Within its University Technology Centre initiative, Rolls-Royce currently has 41 partnerships with universities around the world, funding subject specific laboratories or in some cases whole university departments. The majority of research is conducted at PhD level, with at least 400 projects running at any one time. Many graduates of these university partners will of course go on to work for Rolls-Royce, but the programme has been designed to be of equal benefit to the university partner, allowing the knowledge generated to be applied to the university’s own research.
Many of you I am sure will be aware that Busan National University hosts The Rolls-Royce University Technology Centre Thermal Management technologies.
UK Government Initiatives
The UK Government has taken important steps to capture this momentum through the introduction of national industrial strategies across sectors seen as critical to the UK economy and where strong opportunities lie for the future. This of course will not seem strange to all of you as South Korea has had similar policies in place for many years. But for the UK this represents a significant shift in the way that government supports UK businesses.
I will not list them all, but examples of the industry sectors supported are aerospace, nuclear energy, oil and gas, the life sciences and the information economy.
Although titled ‘industrial strategies’, each of the individual strategies includes the role of research and education for the development of new technology and human resources. And they are ‘live’ strategies, constantly under review and seeking opportunities for improvement, taking ideas and recommendations from industry.
And later this year we anticipate the next step, with the publication of the UK’s first Science and Innovation Strategy. This document is expected to outline how public funding will be used to support the development of new research infrastructure for areas of existing strength and opportunity.

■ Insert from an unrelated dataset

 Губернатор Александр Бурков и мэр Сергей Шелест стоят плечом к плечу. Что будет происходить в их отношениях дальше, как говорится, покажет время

UK-South Korea creative cooperation
During my time as Ambassador in Seoul I have been delighted to see how the relationship between the UK and Korea has gone from strength-to-strength across a number of areas.
I was incredibly privileged to take part in President Park’s State Visit to the UK in November last year.

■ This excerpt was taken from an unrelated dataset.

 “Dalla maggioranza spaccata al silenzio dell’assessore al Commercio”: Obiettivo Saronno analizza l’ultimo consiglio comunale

State Visits to the UK are quite rare: the Queen only invites two Heads of State a year for such visits. President Park’s was the second State Visit by a Korean President in less than ten years.
This was no accident. President Park’s Visit was a chance to celebrate 130 years since the establishment of diplomatic relations between our two countries in 1883. It was a chance to celebrate a close partnership that is now based on shared political and economic values. Most importantly, it was a chance to lay the foundations for an even stronger political and economic partnership for the next ten years.
During the visit, 24 agreements were signed, with over half being wholly or partially focussed on science, engineering, ICT and creative industries cooperation. Support for bilateral research collaboration was an integral part of the first UK-RoK Joint Economic and Trade Committee.
President Park visited Imperial College London, and witnessed first hand some of the UK’s cutting edge technologies. And during the visit the Royal Society and Korea’s Institute for Basic Science agreed to hold their first joint symposium which will take place in Seoul next month.
And in closing this speech today, I want to stress the opportunities available to the UK and Korea for collaboration.
The relationship between scientists and engineers from the UK and Korea is going from strength-to-strength. We are building new research collaborations, solving problems together, collaborating to address the great global challenges of our time. And I am sure that the National Academy of Engineering of Korea and all of you in this room will be part of this exciting journey.